Stefanos Tsitsipas is the highest-rated Greek player in tennis history, and achieved No. 3 on his career best before his 23rd birthday in 2021, 20 years after taking his first steps on a tennis court, led by his father Apostolos in Athens.
Tsitsipas’ mother, Julia Apostoli, was also an excellent player and, like Stefanos, was the world number one, so it was no surprise when success came quickly to this superstar of the next generation, nicknamed the Greek God.
Tsitsipas is competing in the Laver Cup for his third time and won five points for Team Europe, unbeaten in singles and successfully pairing up with Andrey Rublev at TD Garden in Boston last year.
When Tsitsipas first joined Team Europe in Geneva in 2019, he said sharing the stadium with his idols Roger Federer and Rafael Nadal was a lifelong dream.
Joining the London team is like ‘being part of the Chicago Bulls in the golden age’.
“I am honored to be part of this team, I think this team is the most famous team ever in the Laver Cup,” he says. “I feel very privileged to be a part of this group, a part of this group of legends, and to learn from them as much as I can.”
How are you
Since winning the ATP Finals at the end of the year 2019 at the age of 18, Tsitsipas cemented his place in the top ten and, in 2022, maintained his place in many of the tour’s biggest tournaments.
The year started with another strong showing at Melbourne Park as the Greek wore his opponent Tim World to the Australian Open from five sets.
He followed that up with a three-set victory over Italian Yannick Sener in the quarter-finals, before coming out to second seed Daniil Medvedev in the semi-finals. Tsitsipas’ prowess continued on the hard courts in Rotterdam, where he finished second to another World Team opponent, Felix Auger-Aliassime, and in Acapulco he was stopped by Cameron Nouri in the semifinals.
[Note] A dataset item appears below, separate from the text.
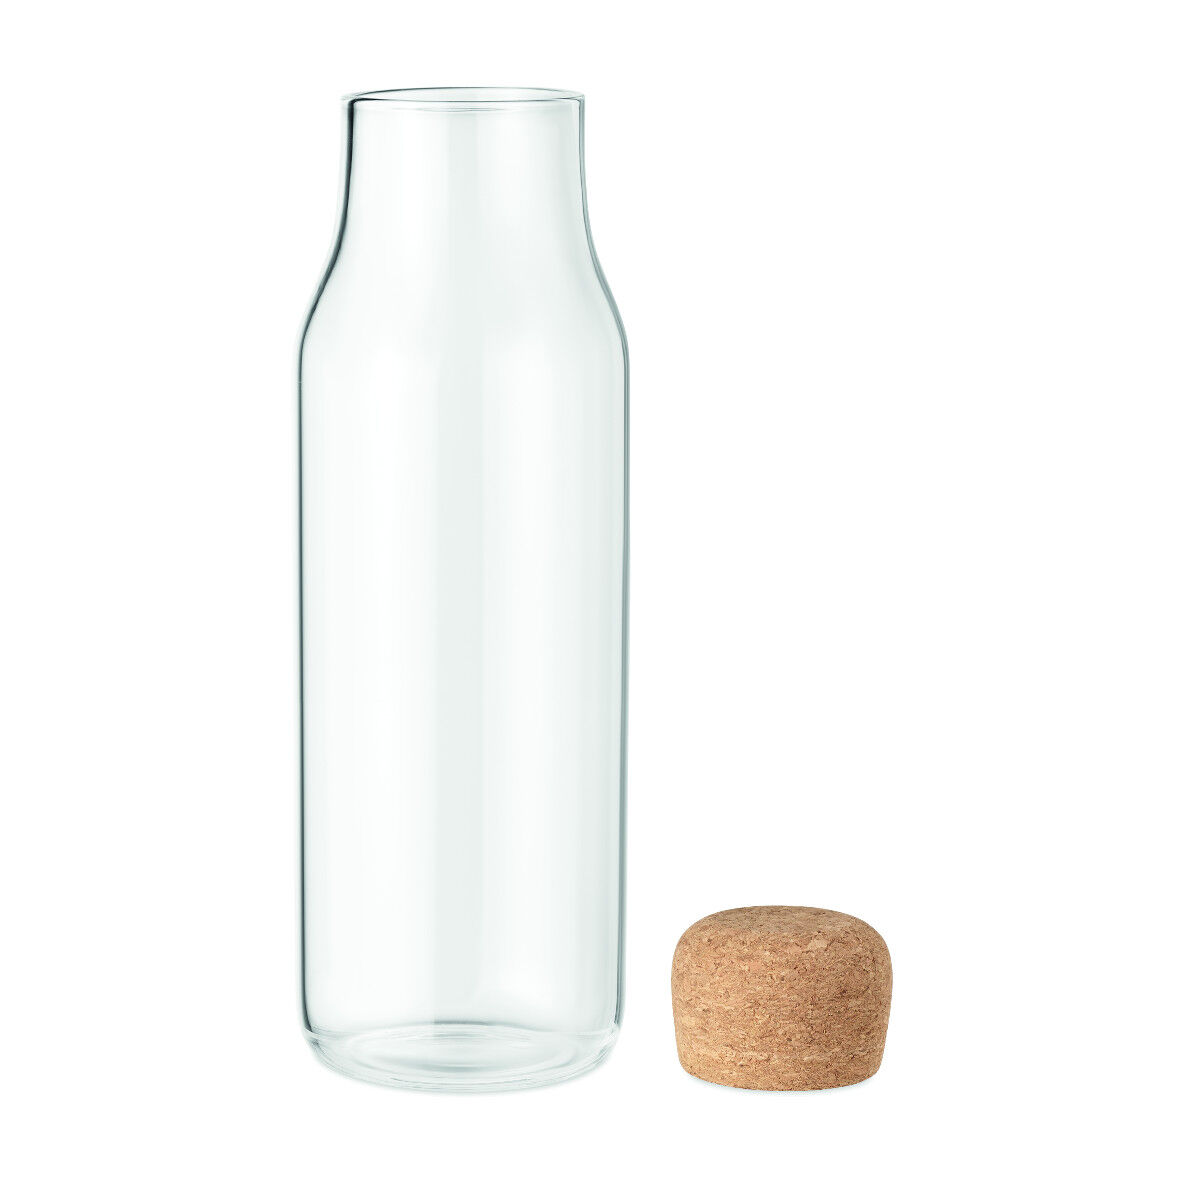  Glass Decanter water bottle with a cork lid

Since April, Tsitsipas has arrived with his stride on clay, successfully defending the Masters title at the ATP 1000 in Monte Carlo, losing just one set (to Diego Schwartzman) in the quarter-finals on the way to claiming his seventh career title.
He kept fit in Barcelona, was prevented from getting past the quarter-finals by the unstoppable Spaniard Carlos Alcaraz, and reached the last four in Madrid, where his former Laver Cup teammate Alexander Zverev was waiting. The German overtook Stefanos in Spain, but the Greek improved his overall head-to-head against Zverev to 8-4 when they met in the semi-finals of the Rome Masters.
Tsitsipas was runner-up to Novak Djokovic in Rome and at Roland Garros, reaching his first Grand Slam singles final in 2021, struggling hard to reach the last 16, then quickly adapting to grass tennis, finishing ninth. Singles ATP Championship title in Mallorca.
Tsitsipas faced familiar rival Nick Kyrgios in the third round at Wimbledon, where the Australian won in four tough sets. The Greek bounced back at the Cincinnati Masters, upsetting world No. 1 Daniil Medvedev in the semifinals.
About playing the Laver Cup
Tsitsipas expresses great confidence in Team Europe. “I think we’ve achieved great things,” he says. “Having so many Grand Slam champions on one team gives us great opportunities to get some big victories, fighting the young as well as the older dogs on Team World.”
He is also looking forward to returning to The O2, an impressive achievement spectacle for the ATP Finals.
“I will bring back great memories in my head, I think it is a great destination for tennis and the stadium is the perfect place to fight a fight like this.”
It is believed that the calm of Team Europe has seen them through some difficult moments in the four editions of the Laver Cup.
“Our fighting spirit is something that makes a huge difference. We are fighters by nature, we hate to lose and we do our best everywhere.”